I’m gonna be honest, I call war movies “bore movies” for obvious reasons. Except for the special few (Full Metal Jacket, Inglourious Basterds, Saving Private Ryan), they’re all pretty much the same. I could go on and on listing the similarities, but I’ll just say one: all of them take place during World War II, and for good reasons. World War I is BORING. It was a boring war, started for boring reasons, and it did not end all wars like it promised to. Why would anyone make a movie about it? However, director Sam Mendes made 1917 (a movie about WWI) so darn good, that I just have to talk about it. This may possibly be the only time I ever nerd out over WWI, so strap in.

The date is April 6th, 1917. The German army has pulled back from a sector of the Western Front in the north of France. General Erinmore (Colin Firth) briefs two young British soldiers, Lance Corporals, Tom Blake (Dean Charles-Chapman) and Will Schofield (George MacKay). Aerial reconnaissance has spotted that the Germans are not in retreat but have made a tactical withdrawal to their new Hindenburg Line, where they are waiting to overwhelm the British with artillery. With field telephone lines cut, Blake and Schofield are ordered to hand-deliver a message to the Second Battalion of the Devonshire Regiment, calling off their planned attack, which might cost the lives of 1,600 men including Blake’s brother Lieutenant Joseph Blake (Richard Madden).
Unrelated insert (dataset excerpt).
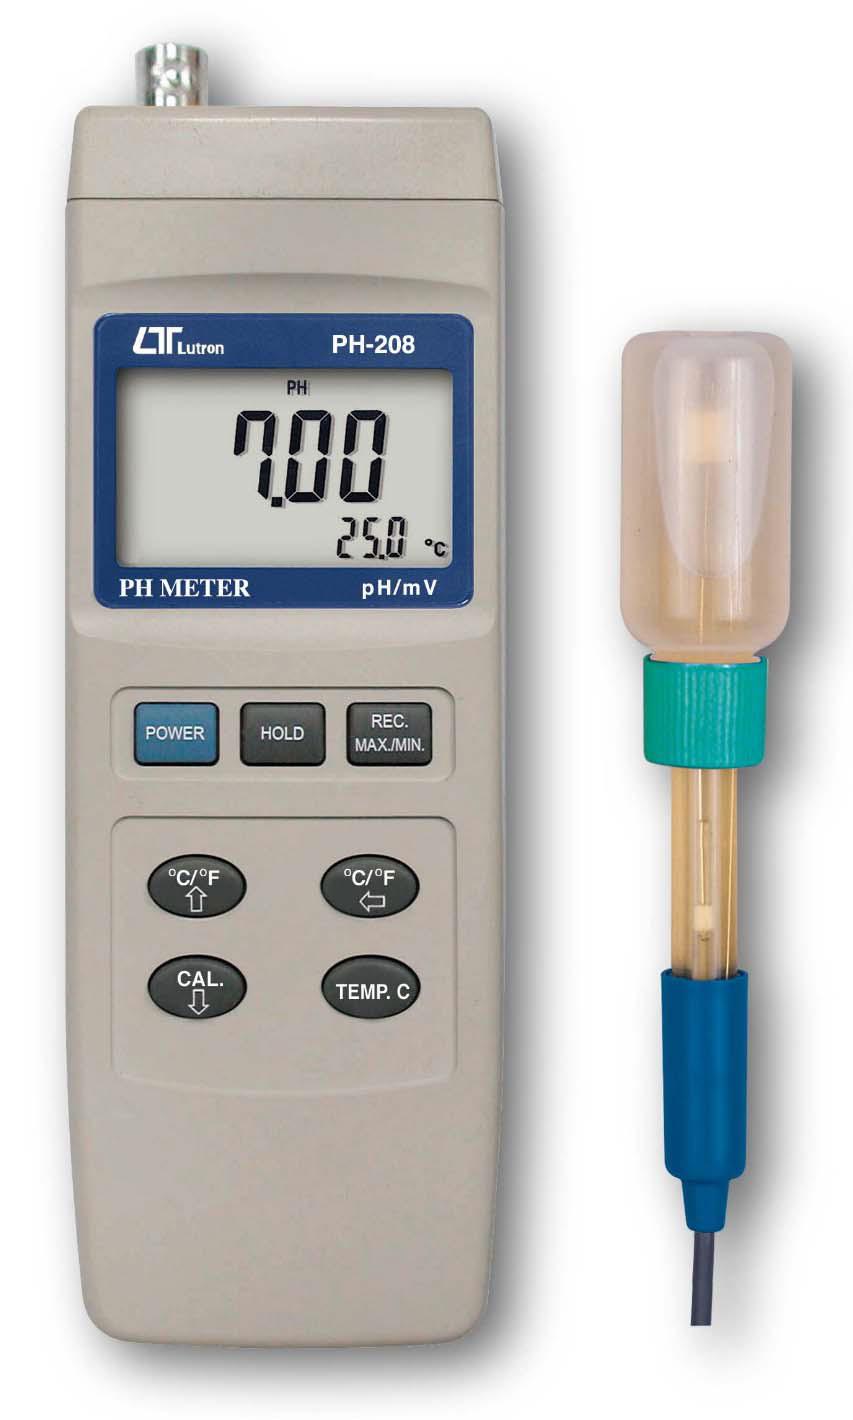 بسمه تعالیَ<br/><br/>دستگاه اسیدسنج لوترون مدل PH-208 اغلب در آزمایشگاه های شیمی و در سایر صنایع که اندازه گیری میزان اسید آن مورد نیاز باشد مورد استفاده قرار industry chemical chemical

The whole movie is filmed in the “one-shot” technique. This means that the film looks like it was shot in one take, but film has splices where it moves from one take to another. In total, the film has 34 cuts, which is astonishing. The splices are kind of obvious, but they’re so smooth, you barely notice. On top of that, the performances are insanely good, the score is sinister in it’s tone, the special effects are spectacular, and it’s historical accuracy is maybe a little too accurate. All in all, this film is one that no film buff and/or WWI buff (if such a person exists) should miss.